Meltdown and Spectre are not the only security problems Intel is facing these days. Today, researchers at F-Secure have revealed another weakness in Intel’s management firmware that could allow an attacker with brief physical access to PCs to gain persistent remote access to the system, thanks to weak security in Intel’s Active Management Technology (AMT) firmware—remote “out of band” device management technology installed on 100 million systems over the last decade, according to Intel.
Intel had already found other problems with AMT, announcing last May there was a a flaw in some versions of the firmware that could “allow an unprivileged attacker to gain control of the manageability features provided by these products.” Then in November of 2017, Intel pushed urgent security patches to PC vendors for additional management firmware vulnerable to such attacks—technologies embedded in most Intel-based PCs shipped since 2015.
But the latest vulnerability—discovered in July of 2017 by F-Secure security consultant Harry Sintonen and revealed by the company today in a blog post—is more of a feature than a bug. Notebook and desktop PCs with Intel AMT can be compromised in moments by someone with physical access to the computer—even bypassing BIOS passwords, Trusted Platform Module personal identification numbers, and Bitlocker disk encryption passwords—by rebooting the computer, entering its BIOS boot menu, and selecting configuration for Intel’s Management Engine BIOS Extension (MEBx).

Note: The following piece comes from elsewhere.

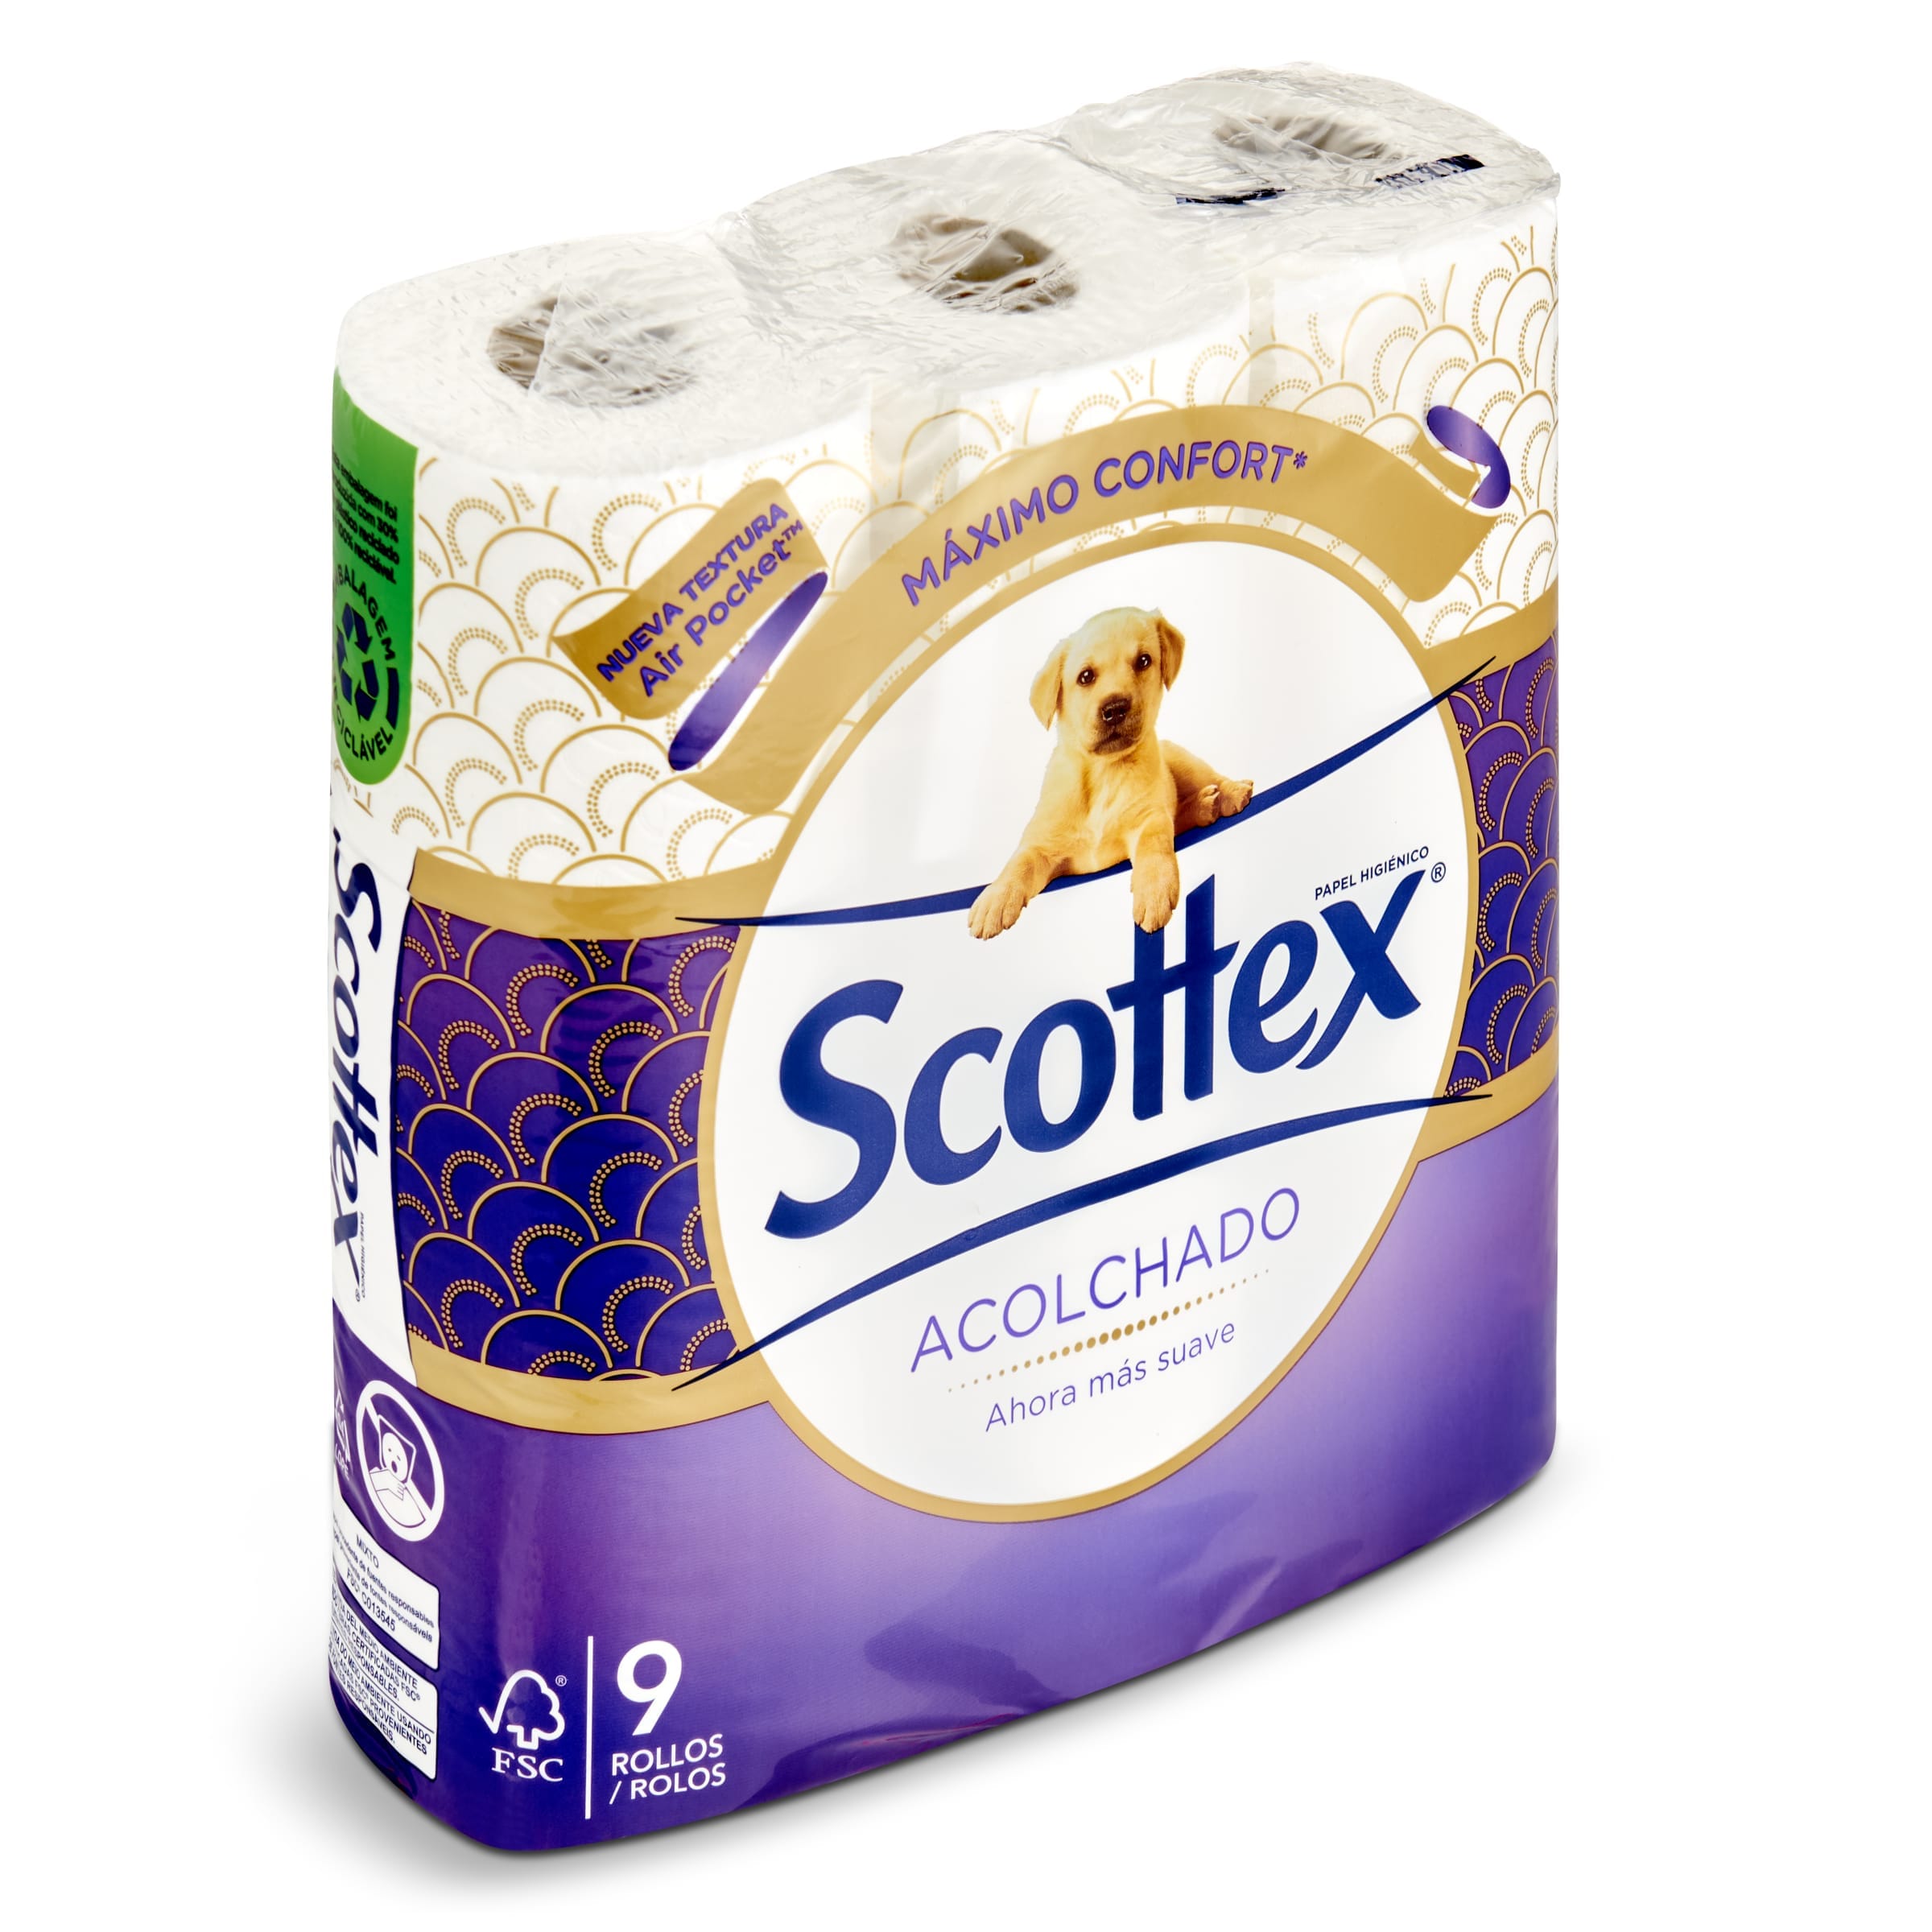 Papel higiénico acolchado 3 capas Scottex bolsa 9 unidades - Supermercados  DIA

If MEBx hasn’t been configured by the user or by their organization’s IT department, the attacker can log into the configuration settings using Intel’s default password of “admin.” The attacker can then change the password, enable remote access, and set the firmware to not give the computer’s user an “opt-in” message at boot time. “Now the attacker can gain access to the system remotely,” F-Secure’s release noted, “as long as they’re able to insert themselves onto the same network segment with the victim (enabling wireless access requires a few extra steps).”
The attack requires physical access. But the amount of time required to execute the attack is so short that even a notebook or desktop computer left unattended for a few minutes could be compromised in what is referred to by security researchers as an “evil maid” attack—or in this case, an evil barista, co-worker, fellow airline or train passenger, or anyone else with a few minutes of unhindered access to the computer. The remote access is limited to whatever network the targeted computer connects to, but that can include wireless networks.
Late last month, Intel issued guidelines on best practices for configuring AMT to prevent these and other types of AMT-based attacks on PCs. In the “Q&A” document, Intel acknowledged the problem, but put the onus on PC manufacturers for not properly following Intel’s advice:
Sintonen said that all the laptop computers he had tested so far were vulnerable to the attack.